Dalam pelarian, aku berharap semoga pengakuan yang kulakukan pada Pak Hendra tidak akan memicu masalah baru. Semoga dia tidak akan memanggilku besok dan memaksaku berhenti bekerja atau memanggil Ayahku, dan mencapnya tak bertanggungjawab, meskipun itu adalah kenyataan yang benar.

***

Malam hari, pukul 9 malam, manajer menutup restoran lebih cepat karena ingin merayakan keberhasilan mereka mencapai target penjualan menu bulan ini. Aku menolak untuk ikut karena orang-orang dewasa itu memilih merayakannya di sebuah klub malam.

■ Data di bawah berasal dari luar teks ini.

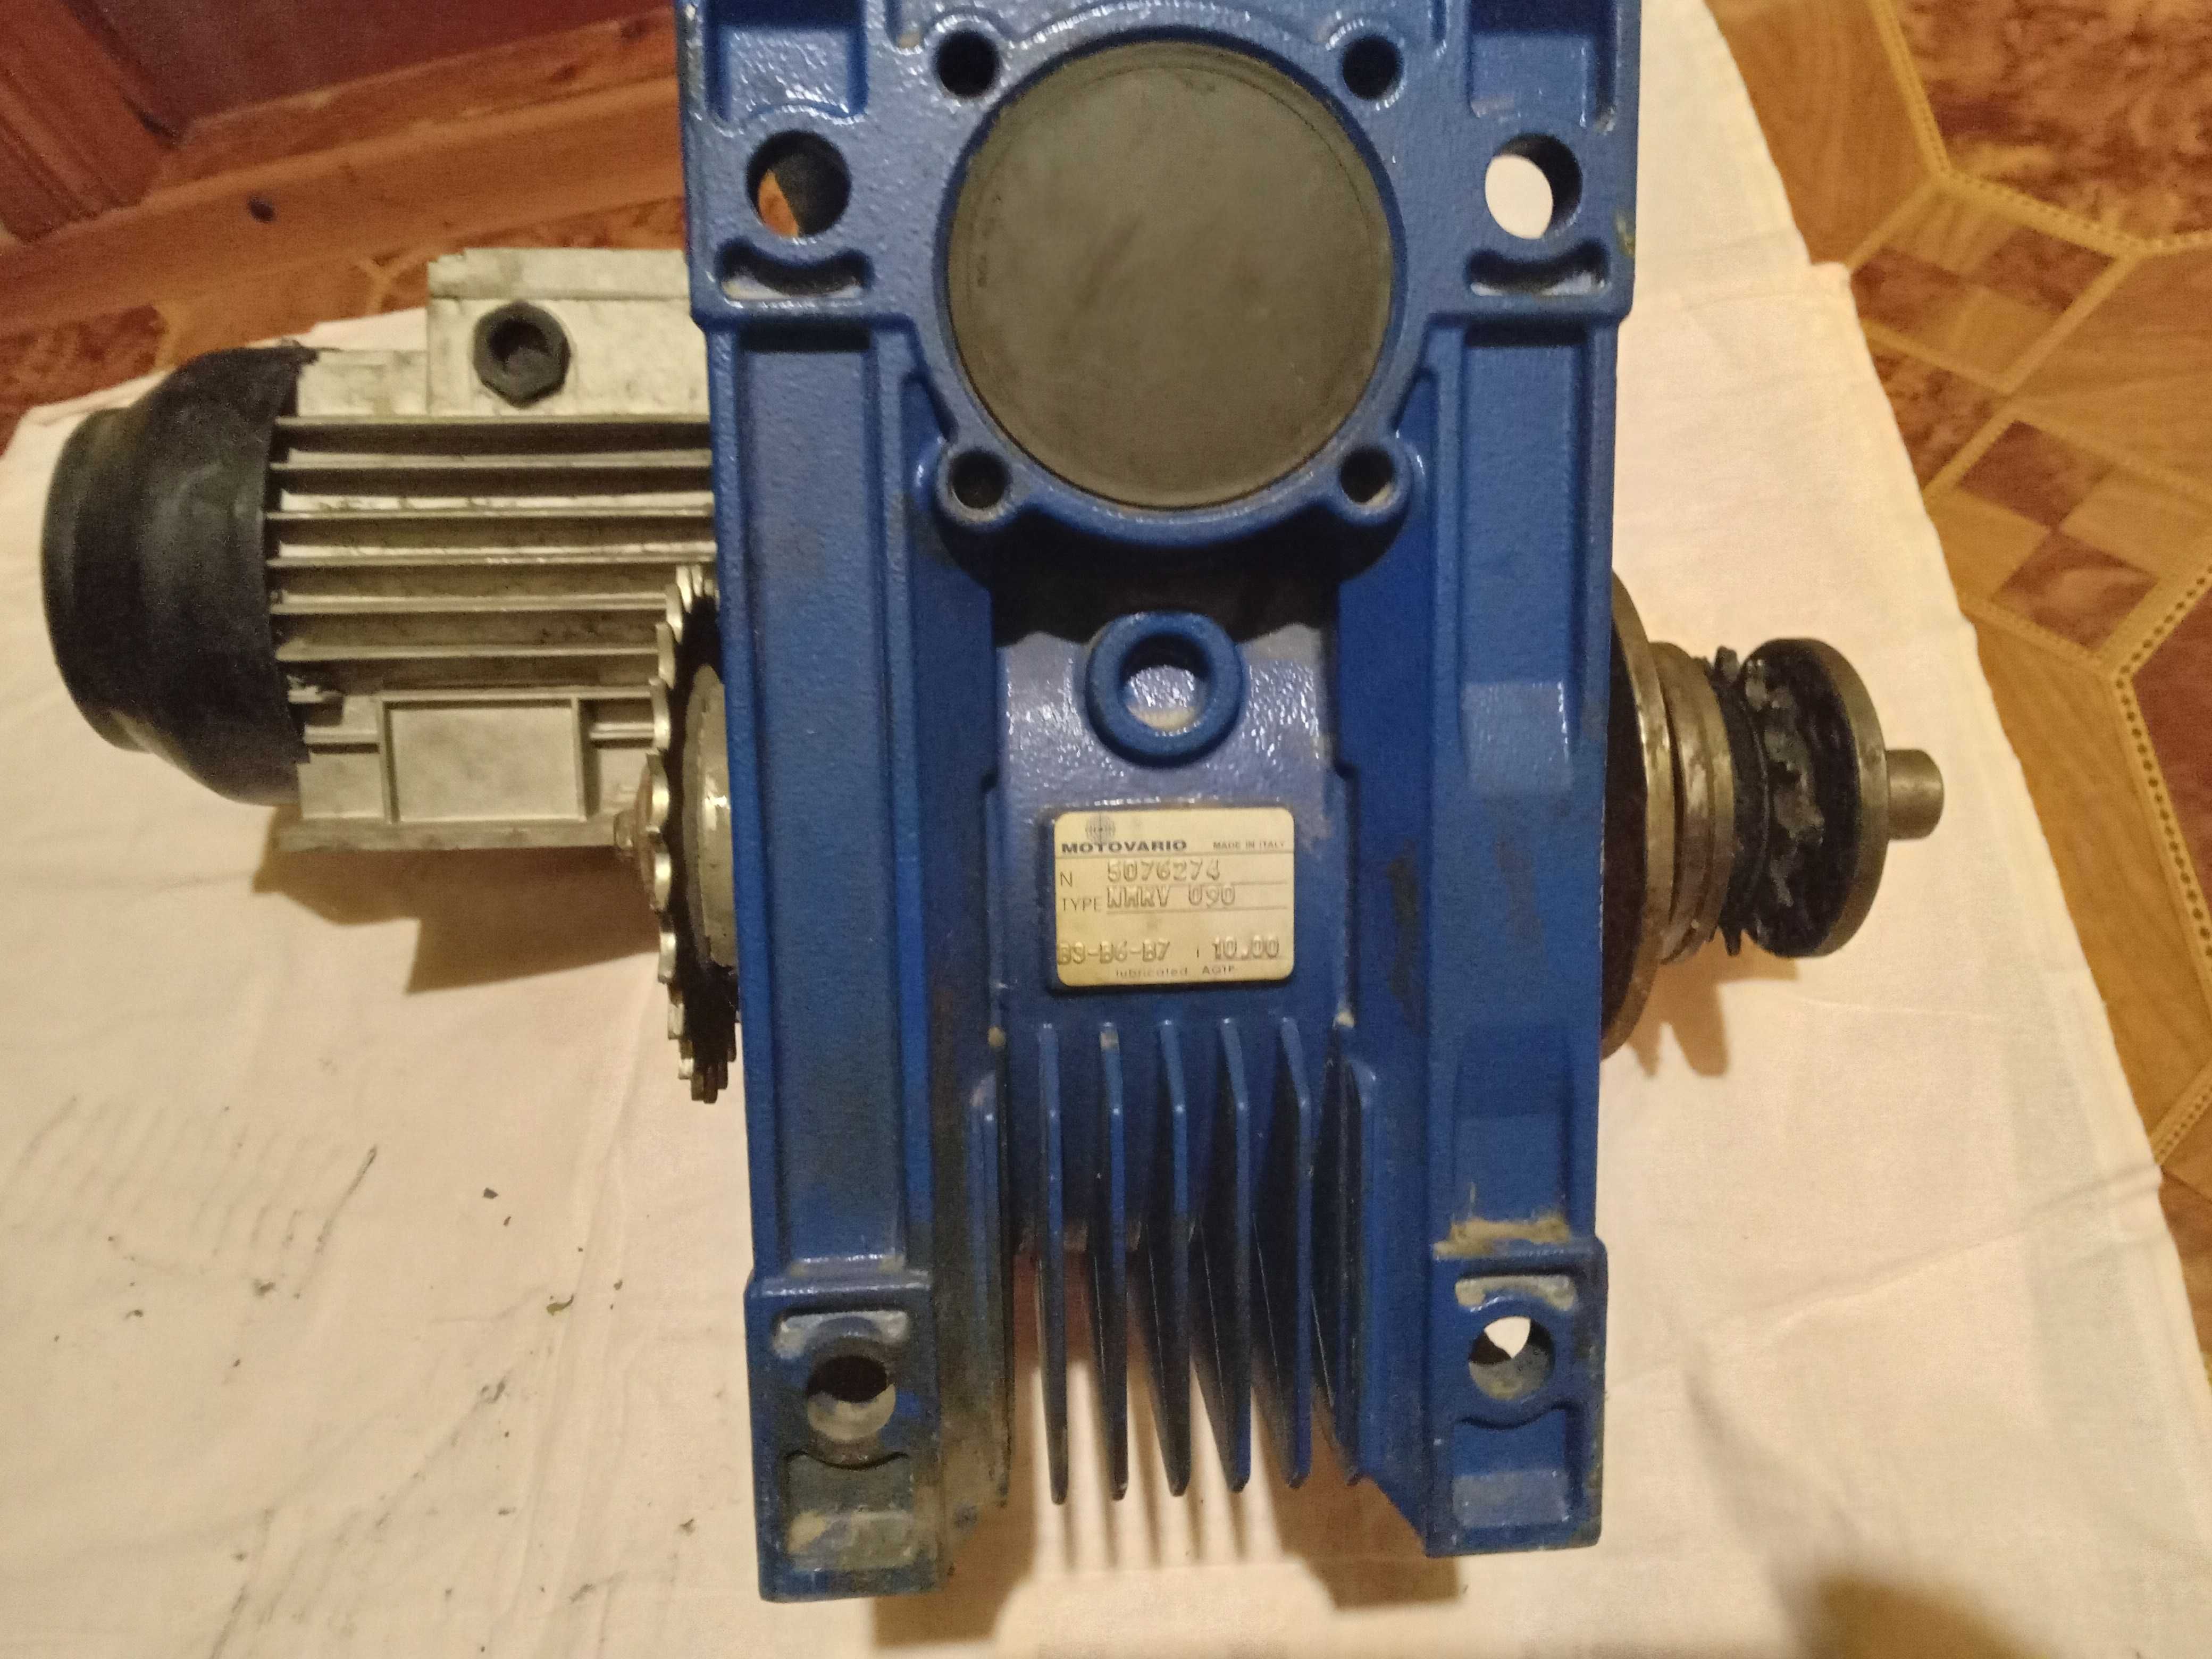 Недорого! Мотор редуктор NMRV-040 и NMRV-090, Италия

Sambil berjalan, sesekali aku menyesap es krim cokelat ditangan, yang kubeli dari kedai es krim dekat restoran. Ini adalah cara lain untuk menghargai kerja kerasku selama sebulan. Meskipun bukan makanan mahal, tapi dengan makan es krim seharga tujuh ribu rupiah ini, aku sudah merasa senang.

Langkahku terhenti saat melihat puluhan anak muda seumuran denganku keluar dari sebuah gedung. Diantara mereka ada yang masih pakai seragam, ada juga yang sudah berpakaian bebas.Aku menoleh ke arah gedung di sampingku. Gedung itu adalah tempat bimbel yang menawarkan jasa pengajaran Matematika, IPA, Bahasa Indonesia, Bahasa Inggris, dan Komputer.

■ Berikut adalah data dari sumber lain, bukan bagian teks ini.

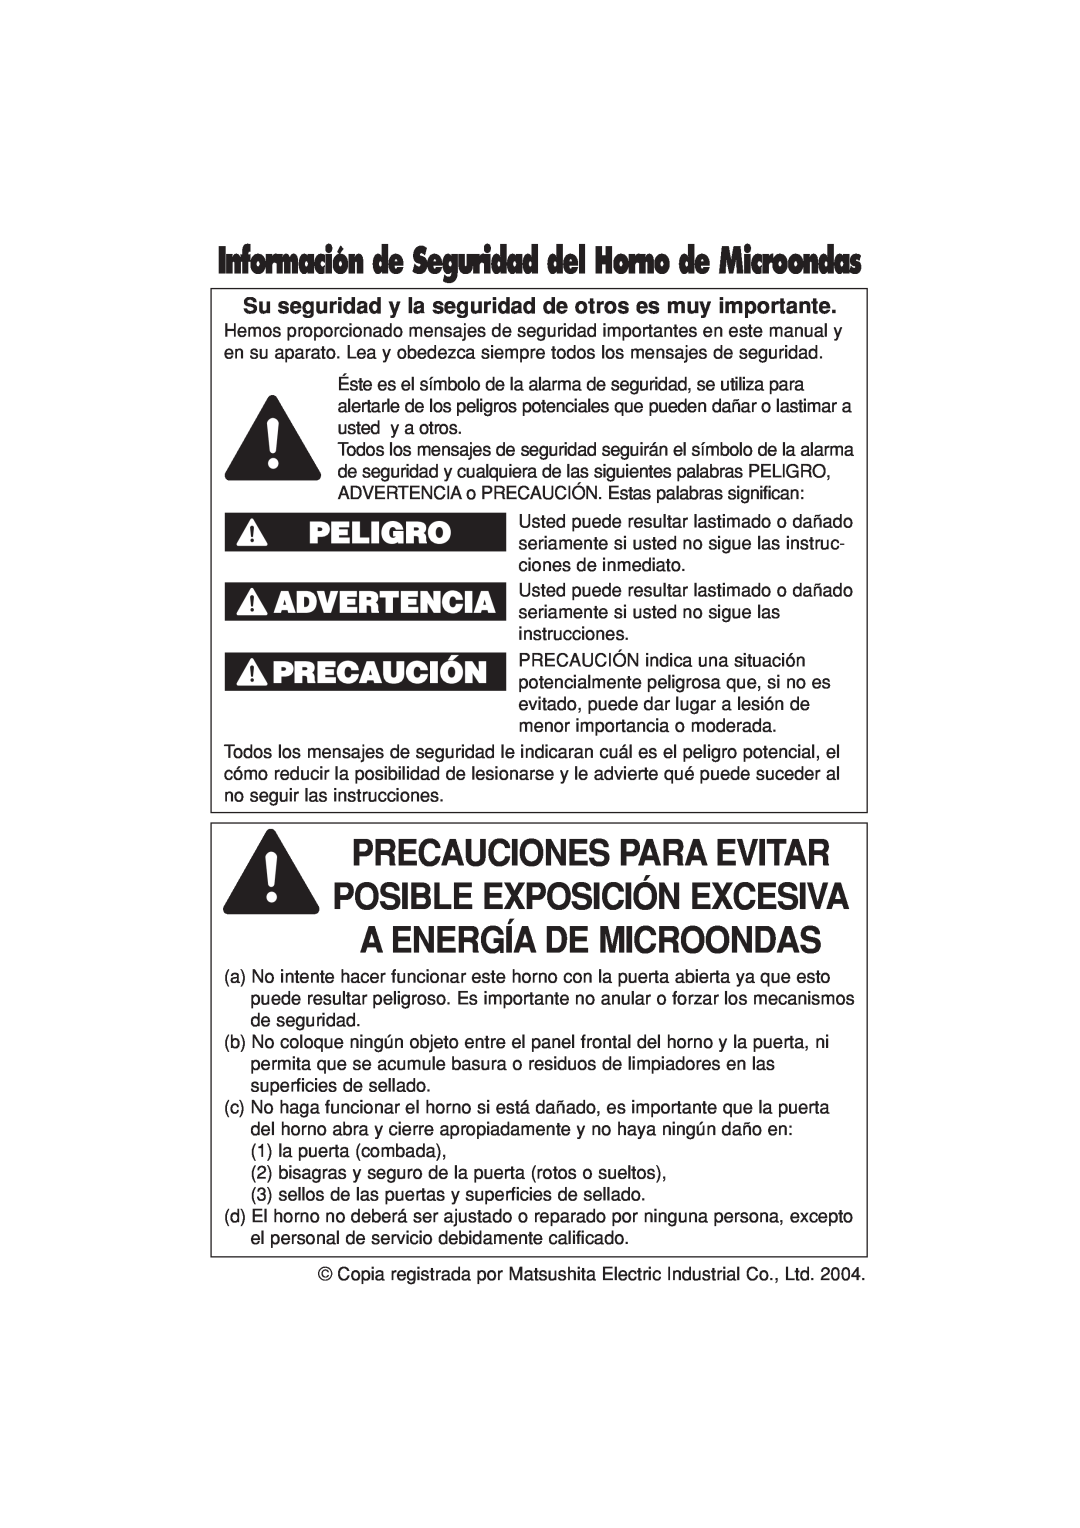 Panasonic NN-H624 operating instructions Peligro Advertencia, Información de Seguridad del Horno de Microondas

Ini pertama kalinya, aku berhenti sekadar melihat murid-murid tempat kursus tersebut keluar dari tempat bimbel tersebut. Menelisik beberapa karyawan dan pengajar yang terlihat bolak balik di dalam gedung. Biasanya tempat itu kudapati sudah gelap dan kosong saat pulang dari restoran.

Sebenarnya, aku merasa iri dengan murid-murid itu, yang memiliki kesempatan menikmati pelajaran tambahan di masa-masa persiapan ujian seperti sekarang. Namun apa daya, terbentur biaya, aku mengubur rasa ingin itu. Semakin dipikirkan, aku merasa mereka, murid-murid yang berjalan didepanku, beruntung mendapatkan dukungan penuh dari kedua orangtua mereka.

Aku menjilat kembali es krim yang setengahnya mulai meleleh dan melanjutkan perjalanan menuju rumah. Karena kebaikan manager hari ini, aku bisa punya kesempatan belajar lebih lama dan tidur lebih cepat.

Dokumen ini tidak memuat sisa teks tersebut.